In-universe information
- Species: Pokémon
- Type: Psychic (Mewtwo, Mega Mewtwo Y) Psychic and Fighting (Mega Mewtwo X)

= Mewtwo =

Pokémon species

Mewtwo (/ˈmjuːtuː/; Japanese: ミュウツー, Hepburn: Myūtsū) is a Pokémon species in Nintendo and Game Freak's Pokémon media franchise. It was first introduced in the video games Pokémon Red and Blue, and later appeared in subsequent sequels and spin-off titles. In the video games, the player can fight and capture Mewtwo in order to subsequently pit it against other Pokémon. Often referred to as "the world's strongest Pokémon" in various media, it was the strongest in the original games in terms of base statistic distribution. Being genetically engineered by humans, it is known as the "Genetic Pokémon".

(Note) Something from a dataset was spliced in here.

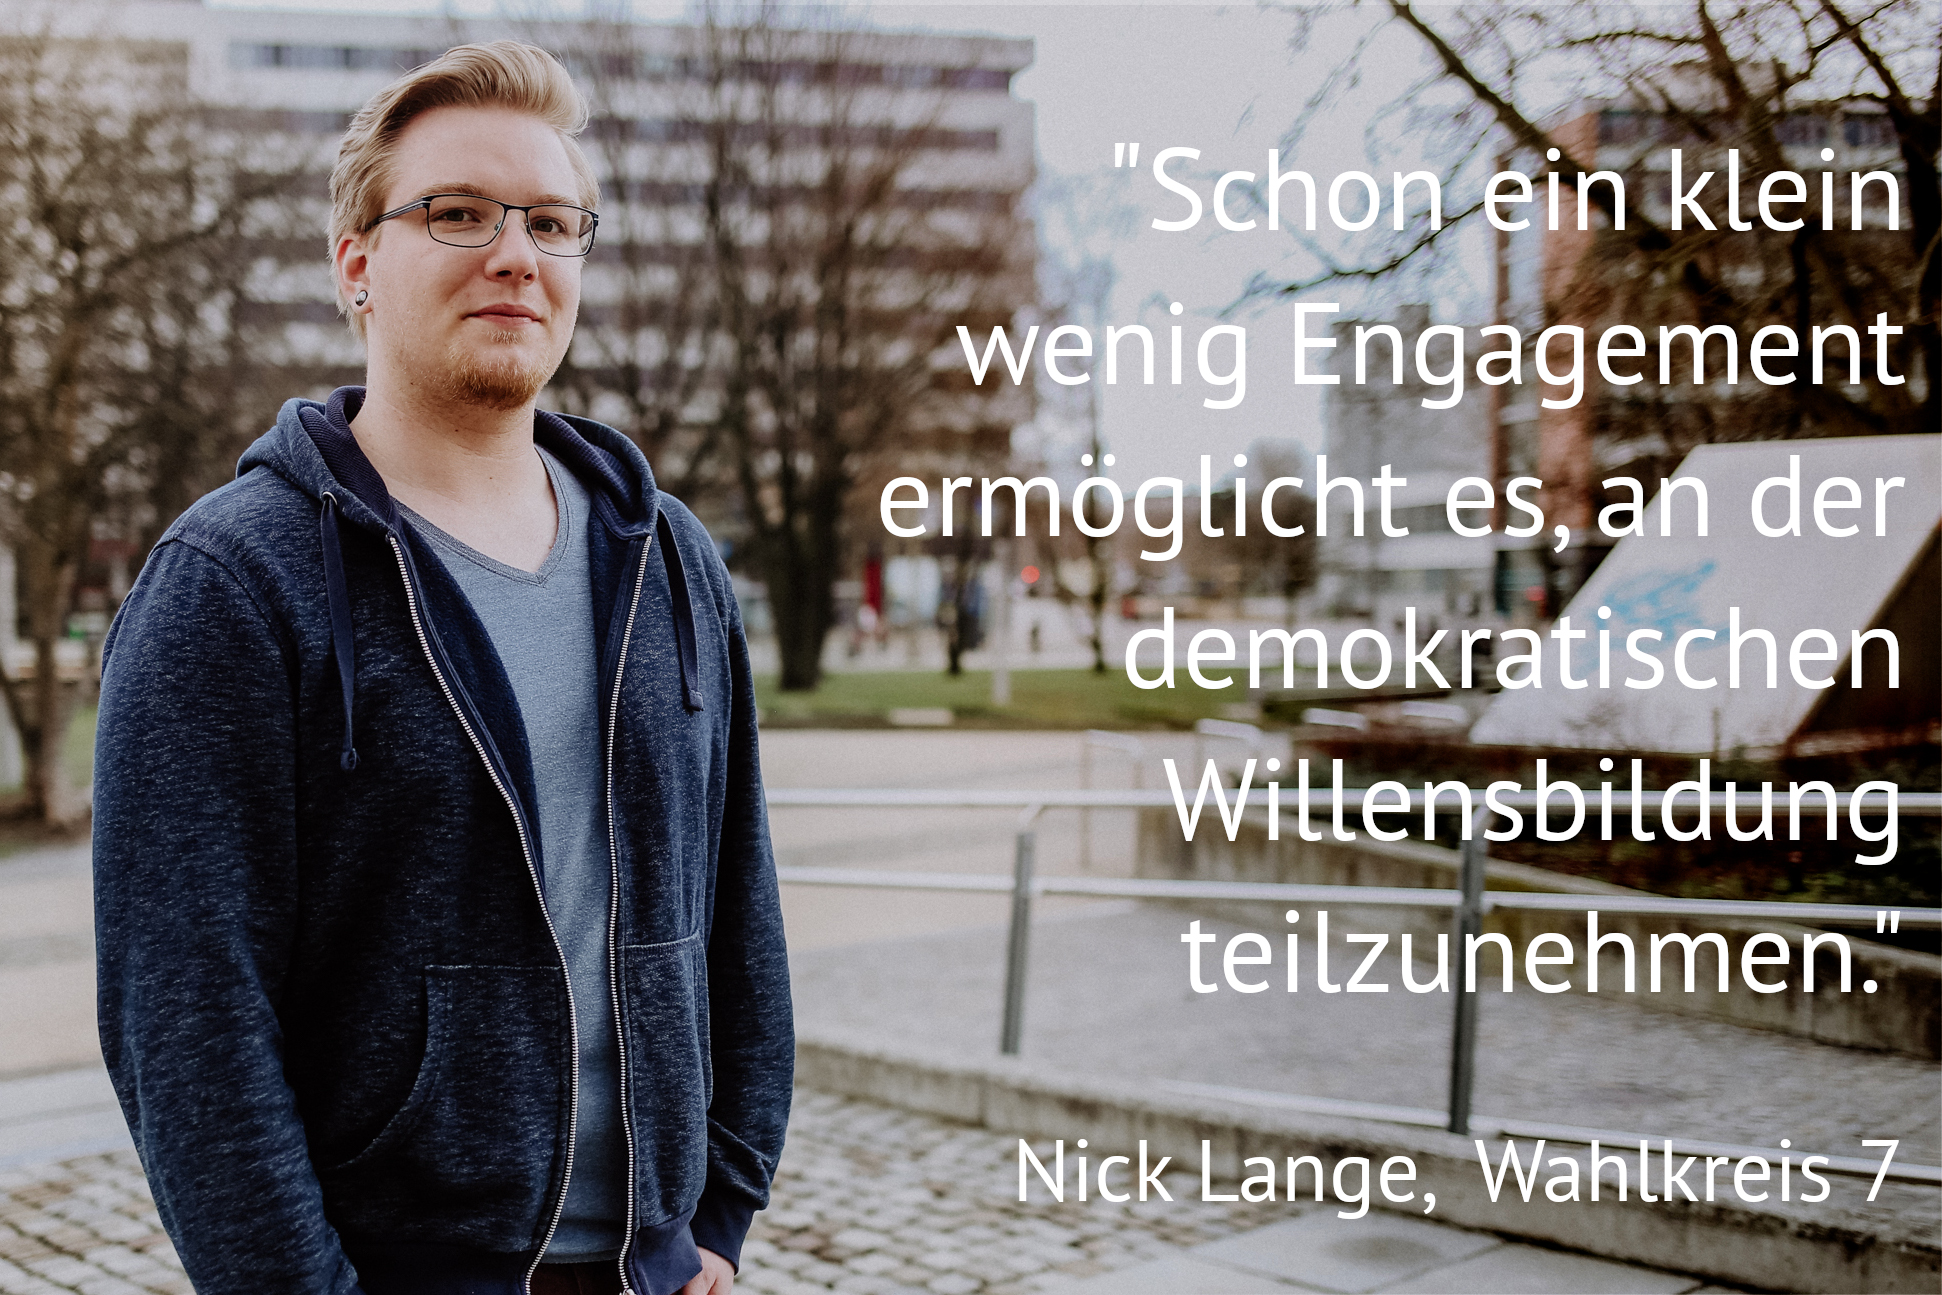 Nick Lange - Kandidat zur Stadtratswahl Chemnitz 2019, Wahlkreis 7 (Schönau, Siegmar, Stelzendorf, Rabenstein, Reichenbrand, Grüna, Mittelbach)

One of the most recognizable characters of the franchise, it has appeared in various media, being a central character in the films Pokémon: The First Movie, Pokémon: Mewtwo Returns, Pokémon the Movie: Genesect and the Legend Awakened, Detective Pikachu, as well as the musical Pokémon Live!. Additionally, Mewtwo has featured in other game franchises, such as Super Smash Bros. series.

==Conception and design==
Mewtwo is a species of fictional creatures called Pokémon created for the Pokémon media franchise. Developed by Game Freak and published by Nintendo, the Japanese franchise began in 1996 with the video games Pokémon Red and Green for the Game Boy, which were later released in North America as Pokémon Red and Blue in 1998. In these games and their sequels, the player assumes the role of a Trainer whose goal is to capture and use the creatures' special abilities to combat other Pokémon. Each Pokémon has one or two elemental types, which define its advantages and disadvantages when battling other Pokémon. A major goal in each game is to complete the Pokédex, a comprehensive Pokémon encyclopedia, by capturing, evolving, and trading with other Trainers to obtain individuals from all Pokémon species.

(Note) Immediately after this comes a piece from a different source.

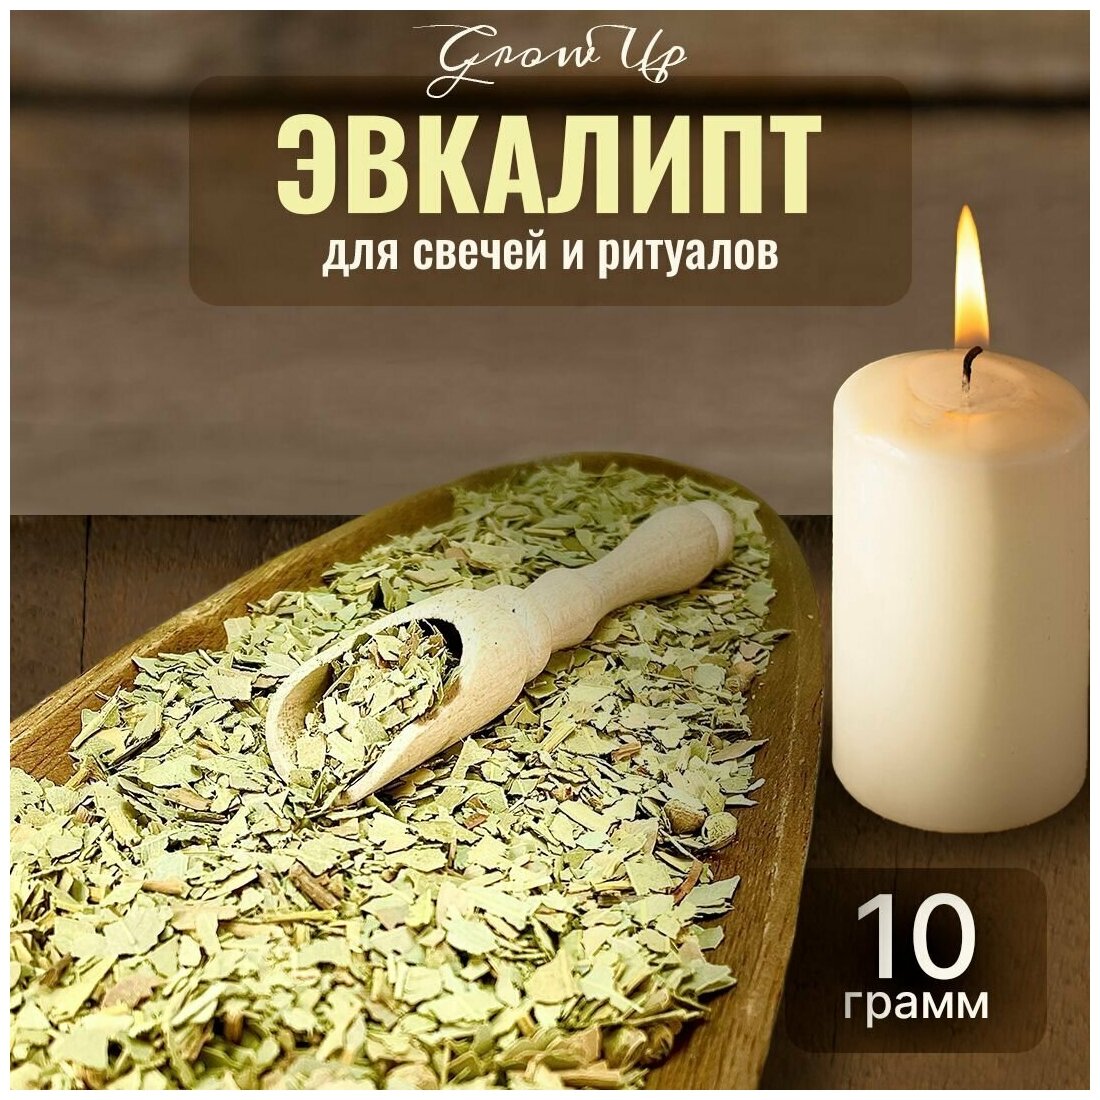 Сухая трава Эвкалипт для свечей и ритуалов, 10 гр

Introduced in Red and Blue, Mewtwo was conceived and designed by design lead Ken Sugimori, and was one of the earliest designs created, preceding that of series mascot Pikachu. Standing 6 ft 7 in tall, it appears as a bipedal feline. Mewtwo has a light gray physique with a pronounced tail and abdomen, large thighs, purple irises, bulbous fingertips, pronounced collarbone, crest-like pinnae, and a tube-like mass of flesh that connects from behind its head to the center of its upper back. Sugimori intended for the details in its shape as well as the look in its eyes to give off "an unsettling aura". According to Pokémon Company president Tsunekazu Ishihara, Mewtwo was expected to be popular with North American audiences, citing their preference for strong, powerful characters.

Created as a genetically modified clone of another Pokémon, the ancient Mew, Mewtwo directly precedes Mew in the game's numerical Pokémon index due to programmer Shigeki Morimoto's last-minute creation and inclusion of Mew into the game prior to release. Until the first Pokémon movie was released in the United States, Mewtwo was rarely referred to as a "clone" in Japanese sources. Kubo Masakazu, executive producer of Mewtwo Strikes Back, explained that they "intentionally avoid using the term 'kuron' [clone]… because the word has a frightening feel".

In the original games, Mewtwo is intended to be "the strongest Pokémon ever." Due to genetic engineering being applied to a sample of Mew's DNA in order to fully create Mewtwo's genome, Mewtwo is an extremely powerful psychic, with its abilities surpassing Mew's due to intentional alterations to the genetic source material. As such, it can use telekinesis for flight, to shield itself and to powerfully throw opponents aside. In addition, it is among the very few Pokémon capable of human speech, doing so via telepathy. Otherwise, it conserves its energy until needed, such as against powerful opponents. In addition to its psychic abilities, Mewtwo can also regenerate, which allows it to quickly recover from near-fatal injuries. For the sixth and seventh generations of the Pokemon video game series, Mewtwo has two Mega Evolved forms, Mega Mewtwo X and Mega Mewtwo Y. These can be activated if the player gives Mewtwo either the Mewtwonite X or the Mewtwonite Y.

==Appearances==

===In video games===

Mewtwo has two Mega Evolutions, Mega Mewtwo X (left) and Mega Mewtwo Y (right).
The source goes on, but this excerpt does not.